Now the failure cases:

- if too many nodes in the same pool are lost within a short window of time you’ll suffer data loss, for example, all three nodes in a 3x replica are lost at the same time.
- if there are not enough resources to replicate/regenerate the data before more losses occur.

To guard against such failures, most systems (including Rook) do the following:

- storage nodes are spread across failure domains (different hosts, racks, zones etc.)
- prioritize resources for “data maintenance” over resources used for “normal" data operations.

In the context of running Rook in AWS, this means ensuring that the Rook storage pods are spread across the nodes in the cluster and across availability zones. Also ensuring that you’ve sized the machines and network to support data maintenance. Prioritization schemes also help, for example, SRV-IO is a popular way to do so without massive changes to the network.

Finally, this is a good example of why building a control plane that can automate such decisions/tradeoffs helps ensure success with storage.
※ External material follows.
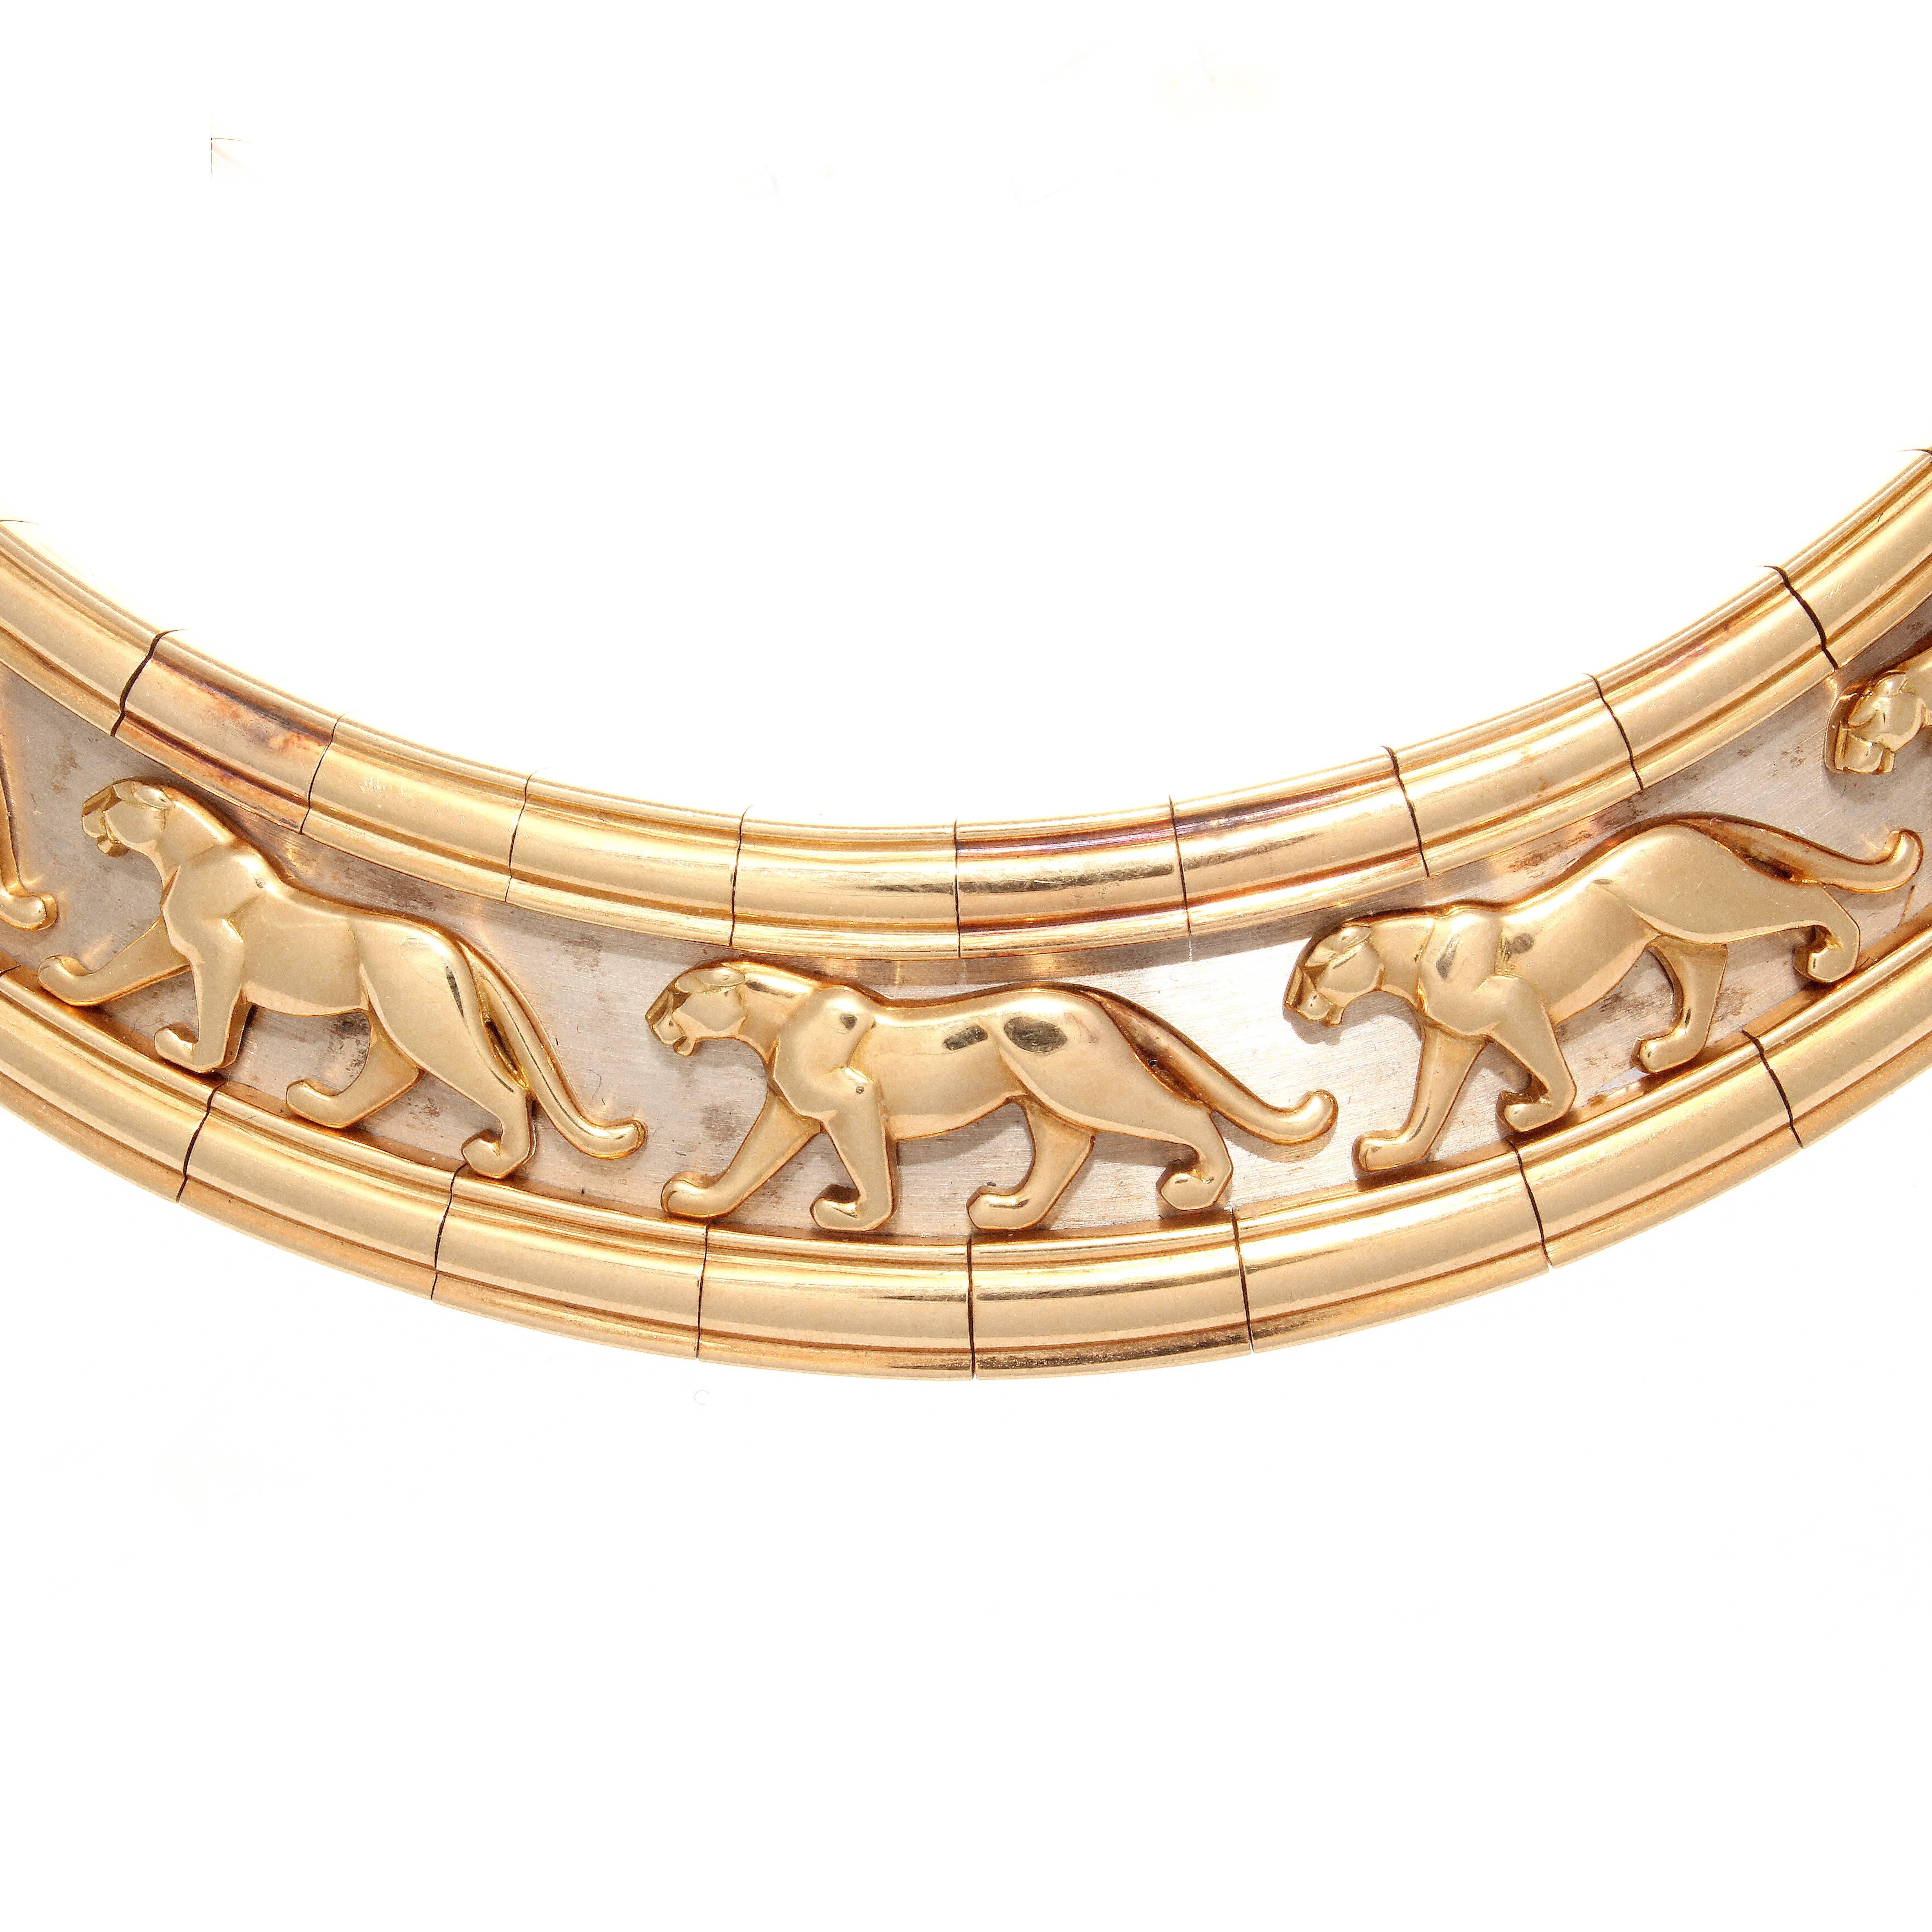 The Panthere collection from Cartier that captures femininity through the elegance of jewelry and the animal itself. Cartier was the first to explore this ideology through its designs. Featuring a pack of 17 panthers that wrap the entirety of the

> On Jun 6, 2017, at 1:06 PM, Alexis Richardson <alexis@...> wrote:
>
> What are the failure cases for this ?
>
> On Tue, Jun 6, 2017 at 5:41 PM, Bassam Tabbara
> <Bassam.Tabbara@...> wrote:
>> Alexis,
>>
>> Thanks! We joined the Storage WG and will work with Ben on CSI and future
>> projects.
>>
>> The use case was running Rook Block storage on-top of ephemeral/instance
>> storage on EC2 instances vs. using EBS storage. Rook would handle the
>> replication of data across instances and stripe across them for performance.
>> Pods in the cluster would see this like any other volume.
>>
>> For Pod failover, the detach / detach cycle is much faster than EBS. One of
>> our users compared EBS to Rook [1] and showed that Rook volume failover
>> happened in less than minutes vs. up to an hour with EBS.
>>
>> Also EBS volumes only support a single writer (ReadWriteOnce in K8S) which
>> makes them a poor candidate for hot failover scenarios underneath, say,
>> Postgres or MySql. With the work we’re doing on the Rook Volume Plugin [2]
>> we plan to support ReadWriteMany to support a hotter failover where the
>> app/service ontop can handle the fencing.
>>
>> Finally, there are cost and performance tradeoffs for running on-top of
>> ephemeral/instance storage vs. EBS. For example, a lot of the instance
>> storage is unused in most deployments and has a high performance.
>>
>> Happy to discuss in more detail.
>>
>> Thanks!
>> Bassam
>>
>> [1] https://na01.safelinks.protection.outlook.com/?url=https%3A%2F%2Fgitter.im%2Frook%2Frook%3Fat%3D58baff6f872fc8ce62b6ee26&data=02%7C01%7CBassam.Tabbara%40quantum.com%7Cac58cc3d749e453fda4e08d4ad178f30%7C322a135f14fb4d72aede122272134ae0%7C1%7C0%7C636323764076275976&sdata=8dSWMXRMqtmPH5goZx4O%2BpVTesQEuS4cb21qgJmmTw0%3D&reserved=0
>> [2] https://na01.safelinks.protection.outlook.com/?url=https%3A%2F%2Fgithub.com%2Fkubernetes%2Fkubernetes%2Fpull%2F46843&data=02%7C01%7CBassam.Tabbara%40quantum.com%7Cac58cc3d749e453fda4e08d4ad178f30%7C322a135f14fb4d72aede122272134ae0%7C1%7C0%7C636323764076275976&sdata=UGWvqRpP8P0sanBnGygcfwIYiU7tvKobJ7s8JtiWlFw%3D&reserved=0
>>
>>
>> On Jun 6, 2017, at 9:03 AM, Alexis Richardson <alexis@...> wrote:
>>
>> Bassam
>>
>> It would be good for Rook team to join Storage WG, if you haven't done so
>> yet.
>>
>> QQ: you said that k8s use cases that run on EBS have high failover
>> times & that you can improve this.  I missed the details of that.  Can
>> you say more please?
>>
>> alexis
>>
>>





Re: rook.io

alexis richardson
 

Ok so in the single node case you are less reliable than S3?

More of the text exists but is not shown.